Weight training don'ts
Follow these tips to avoid common mistakes when you're weight training:
- Don't skip the warmup. Warm muscles are less susceptible to injury than Cold muscles. Before undertaking strength training, you may want to warm up with 5 to 10 minutes of brisk walking or other aerobic activity.
- Don't rush. Control your weight carefully, taking it slow. Doing this will help you isolate the muscles you intend to work through, and it will also allow you to abstain from using momentum to lift the weight. Allow yourself to rest for about one minute between each one.
- It's important to not overdo it. For most people, just doing a single exercise to the point of exhaustion is enough to get in a good workout. Additional sets may take additional time and contribute to overload injury, but the number of sets you perform might depend on your fitness objectives.
- Pain should not be ignored. When a workout causes you pain, discontinue it. Repeat the activity shortly or attempt it with a lighter load.
- Don't forget to wear proper footwear. The traction that shoes provide, particularly on slippery surfaces, can help you from falling or injuring your feet when you're lifting weights.
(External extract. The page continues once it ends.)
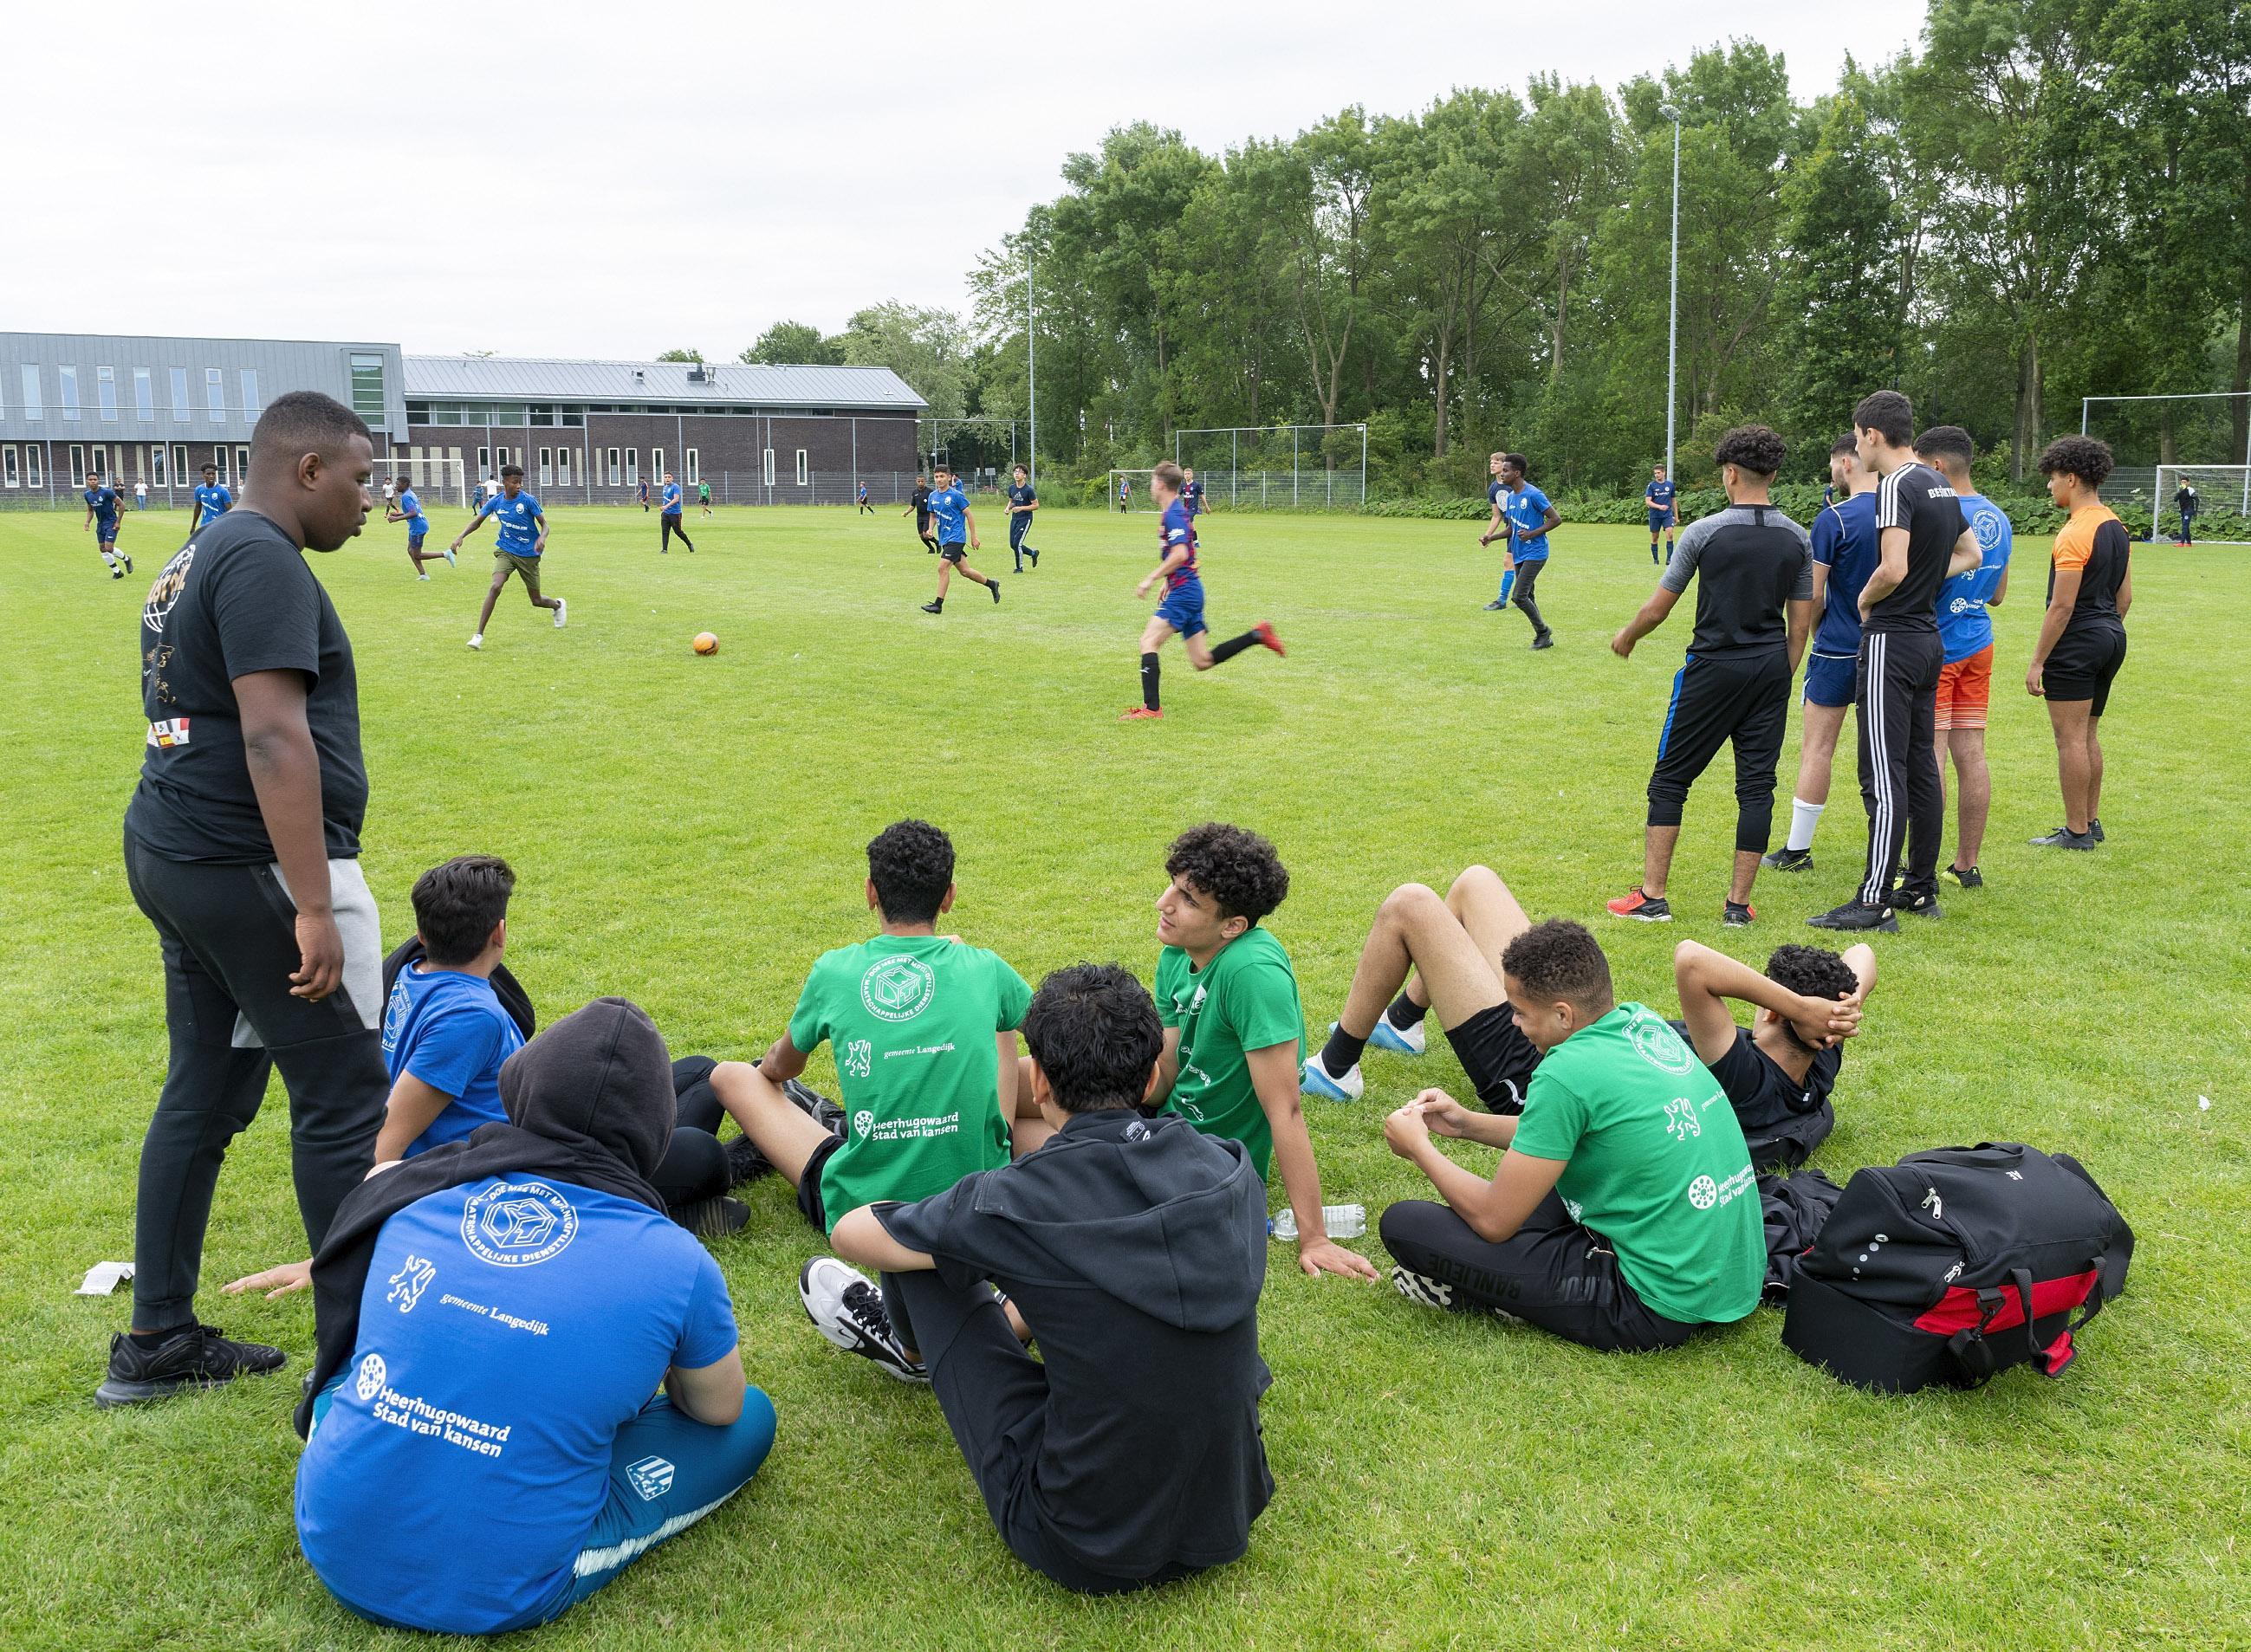 'Ik had niet verwacht dat het niveau zo hoog zou zijn.' Jermaine (15), jeugdspeler van Ajax, doet mee aan het voetbaltoernooi dat door jongeren uit Heerhugowaard en Langedijk zelf wordt georganiseerd.
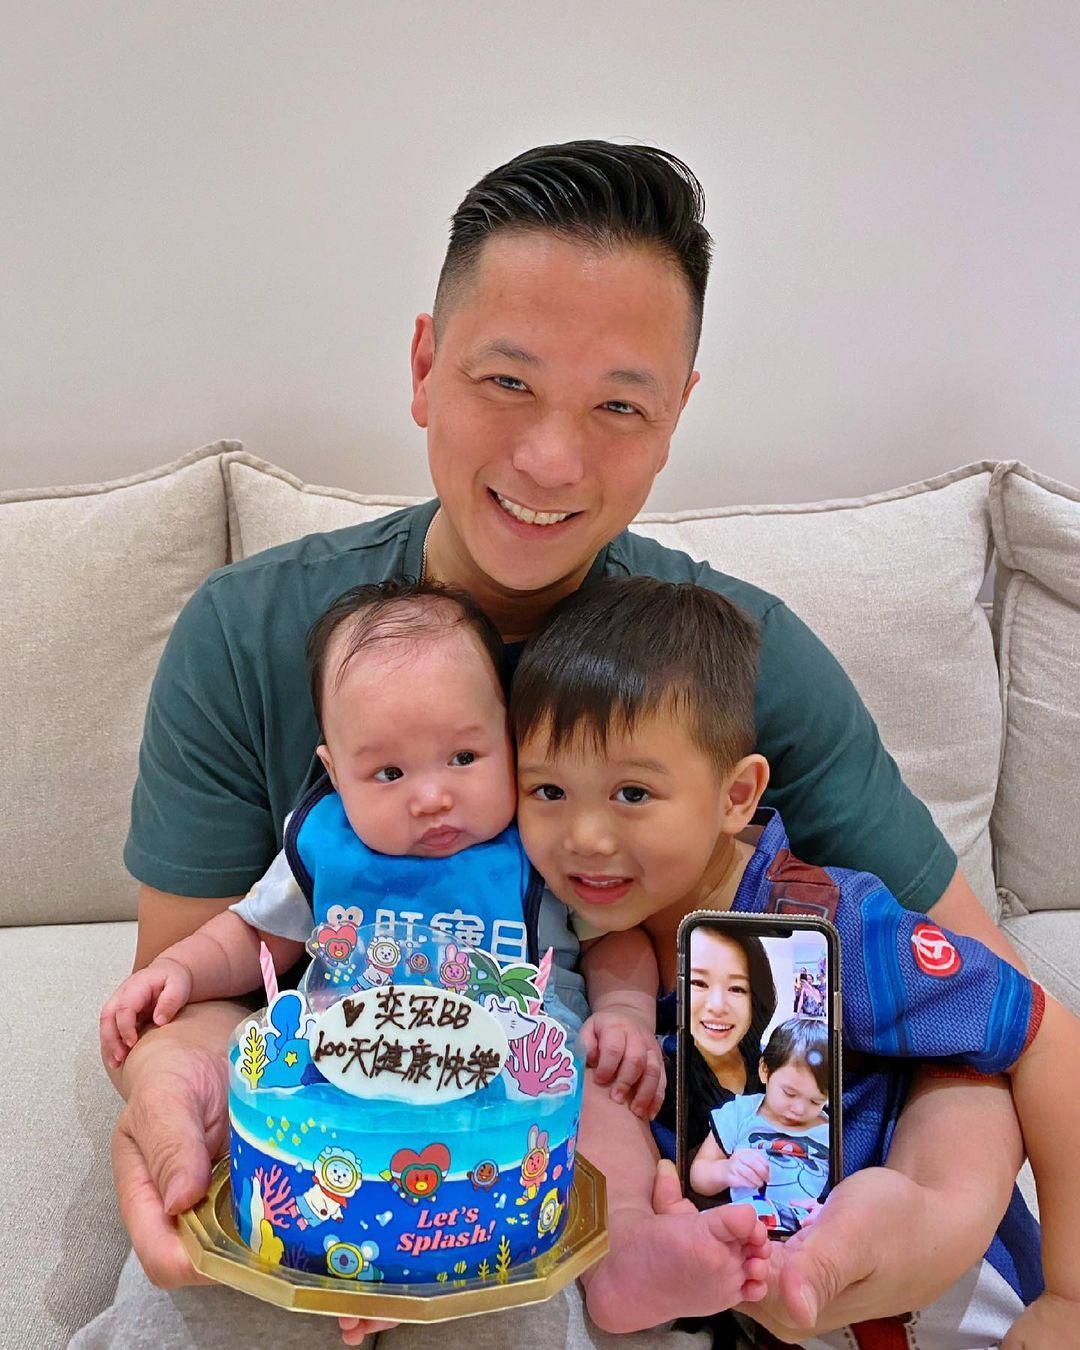 李乘德晒照为三胎儿子庆祝百日,胡杏儿隔空出镜,奕宏神态像奕霆

Remember, the more you concentrate on proper weight training techniques, the more you'll get out of your weight training program.
Choose Your Resistance
Personal preferences will determine your equipment choices depending on where you choose to exercise. The workout options could include:
- No equipment: You won't need any extra stuff if you're just beginning or if you're low on money and want to start simple. This no-weight workout provides you with some easy tips for how to work out with no equipment at all.
- Resistance bands: You can use these for exercising in your home and on the road, and they are not as limited as yoga studios. These are versatile, allowing complete body exercises.
- Dumbbells: You can pretty much always start with a couple of dumbbells, but you should choose from mostly light, medium, and heavy sets: start with a light set of weights (3 to 5 pounds for women, 5 to 8 pounds for men), and then a Medium set of weights (5 to 10 pounds for women, 10 to 15 pounds for men), and a Heavy set of weights (10 to 20 pounds for women, 15 to 30 pounds for men).
- Machines: You can become a member of the gym or buy a home machine to use all of the equipment that you find there.
- Kettlebells: Kettlebells are a terrific way to build strength and endurance when done properly. The best option is to receive instruction from a trained professional prior to using them, though it is totally acceptable to use them without professional assistance.
Weight training has many benefits for both men and women. First, it helps to build strong bones and muscles, which can reduce the risk of injuries. Second, it can help to improve balance and coordination. Third, it can help to burn calories and promote weight loss. Fourth, it can help to increase energy levels. Finally, it can help to improve mood and reduce stress levels.